Вскоре стало известно, что Норст наносит визиты в замок, приезжая к завтраку для гостей или к чаю в своей великолепной черной машине – это была «лансия ламбда», седан, с довольно приличным клиренсом, с деревянными колесными дисками и настолько вместительная, что даже широкополые шляпы Вероники не страдали ни в малейшей степени, когда она садилась в нее. Он катал ее вдоль берега Нотоги и дальше, по живописным равнинным окрестностям озера Авернус, которое уже в то время начало приобретать популярность среди обеспеченных жителей Манхэттена, не имевших интереса или достаточных средств, чтобы приобрести настоящее загородное поместье, вроде того, что выстроил Рафаэль Бельфлёр на северном берегу Лейк-Нуар. Во время этих длинных неспешных прогулок – которые бедной Веронике суждено вспоминать до конца дней – молодые люди обсуждали всё на свете, то и дело смеясь (уже с самой первой встречи они были наполовину влюблены друг в друга); но, хотя Норст подробно расспрашивал Веронику о ее жизни, буквально о каждом дне, словно любая мелочь вызывала у него восторг, он оставался подозрительно уклончив, когда речь заходила о нем самом: у него были некие «обязанности» по отношению к семейному делу, которые часто призывали его в Нью-Йорк, и кроме того, «обязанности» в посольстве Швеции в Вашингтоне, куда он тоже часто отлучался, а остальное время было отведено… его «обязанностям» перед самим собой.
– Ведь на каждом из нас лежит ответственность, не правда ли, дражайшая мисс Бельфлёр, говорил он, в волнении сжимая ее руку. Ответственность, принятая при рождении: необходимость, жажда реализовать себя, развить свой дух до крайнего предела. И для этого нам требуется не только время и изощренность ума, но и отвага и даже дерзновенность… и сочувствие родной души.

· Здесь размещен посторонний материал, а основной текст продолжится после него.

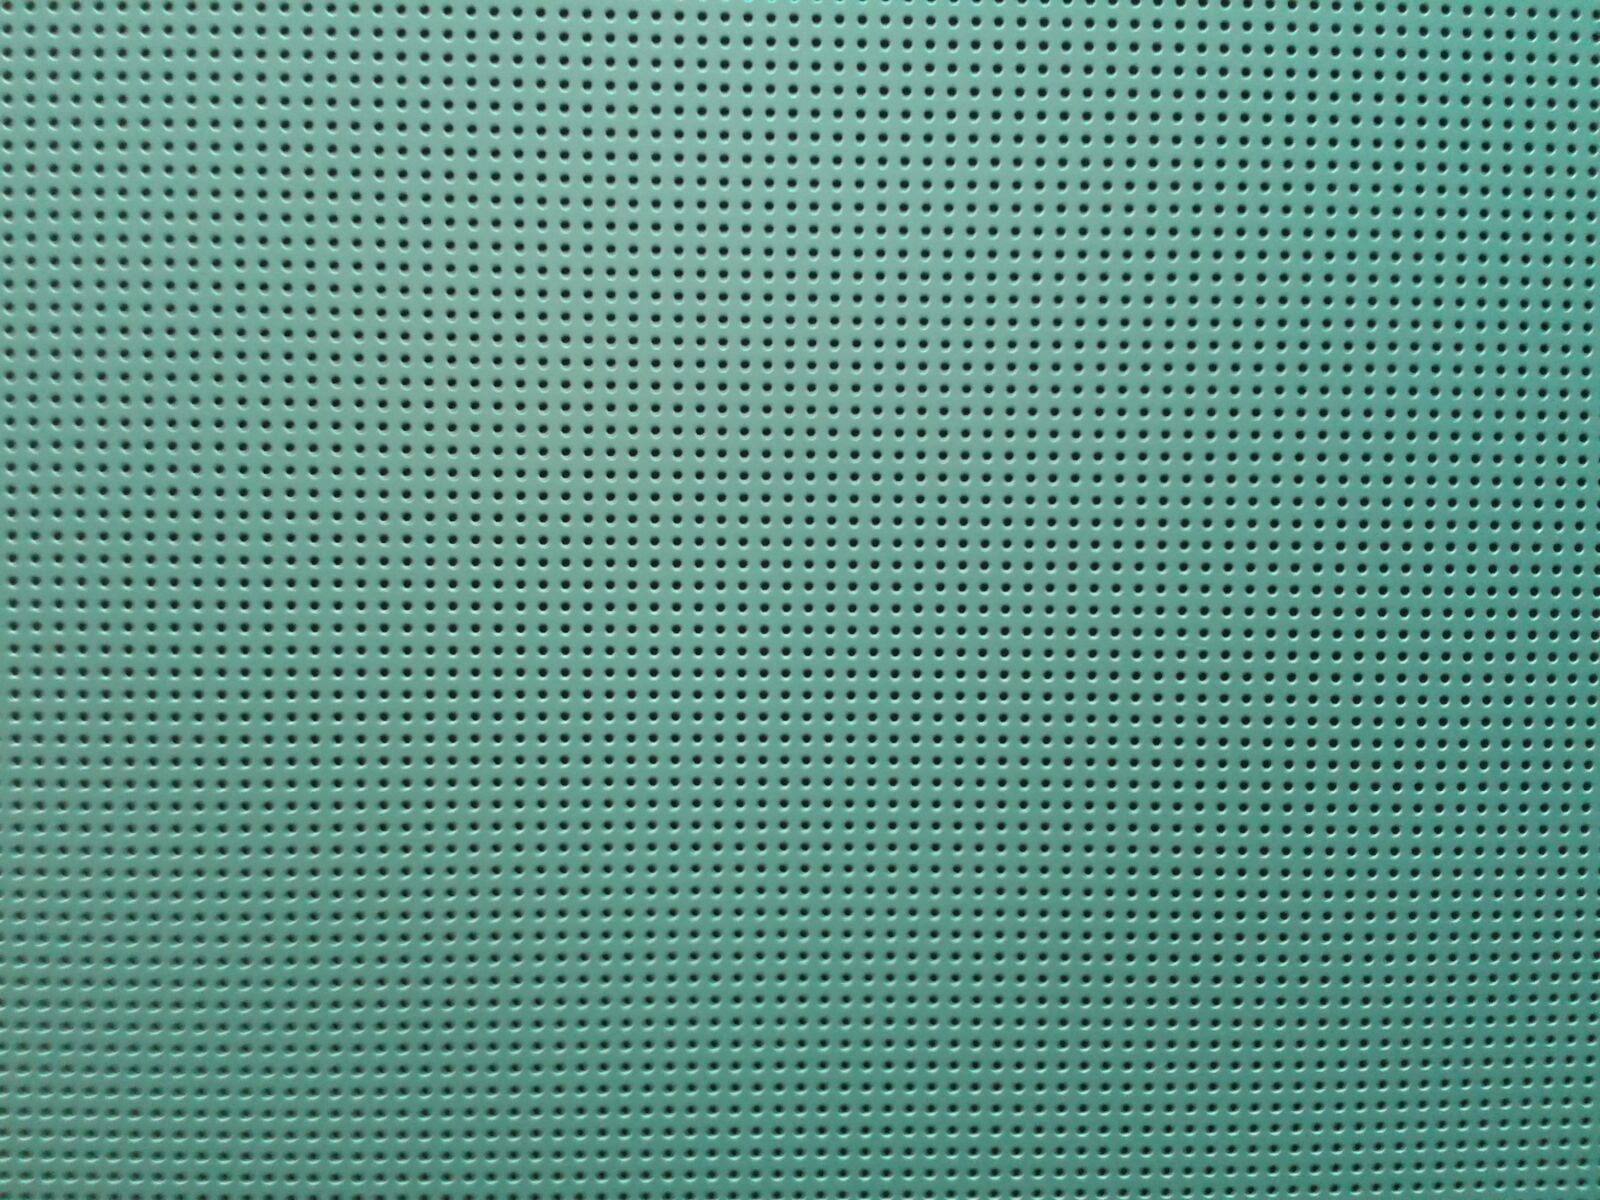 Samsung Galaxy S3 Mini sample photo. Structure, surface, pattern photography

Вероника относилась с известной долей скептицизма ко всяким будничным делам (например, к договоренностям с портнихой или парикмахером), а в тринадцатилетнем возрасте дерзко отвергла «бога» унитарианцев (ветвь рода, к которой принадлежала Вероника, последовательно экспериментировала с формами христианства, которые считала «рациональными», ибо остальные его течения казались им малопонятными). Она была далеко не глупой девушкой; но все же в магнетическом присутствии Норста будто теряла способность рассуждать здраво и просто позволяла себе плыть в потоке его слов… Его голос журчал нежно и чувственно, бедной девушке впервые в жизни довелось испытать на себе столь поистине чарующее, обольстительное воздействие. Ах, да какая разница, о чем он говорит! Пусть о чем угодно: об общих знакомых на озере Авернус, о политических дрязгах, местных и в масштабах страны, или восторгается поместьем и фермой Бельфлёров, или рассыпается в комплиментах самой Веронике (находясь в постоянной аффектации, сопровождавшей ее чувство к графу, она была бесспорно красива и прекрасно осознавала, как эффектно выглядит ее фигура, безжалостно затянутая в корсет с осиной талией, в ее любимых облегающих шелковых платьях). Вероника глядела на Норста с девичьем восхищением, которое даже не пыталась скрывать, и лишь мурлыкала что-то в знак согласия – «да, да»: ведь, что бы он ни говорил, звучали его слова неотразимо.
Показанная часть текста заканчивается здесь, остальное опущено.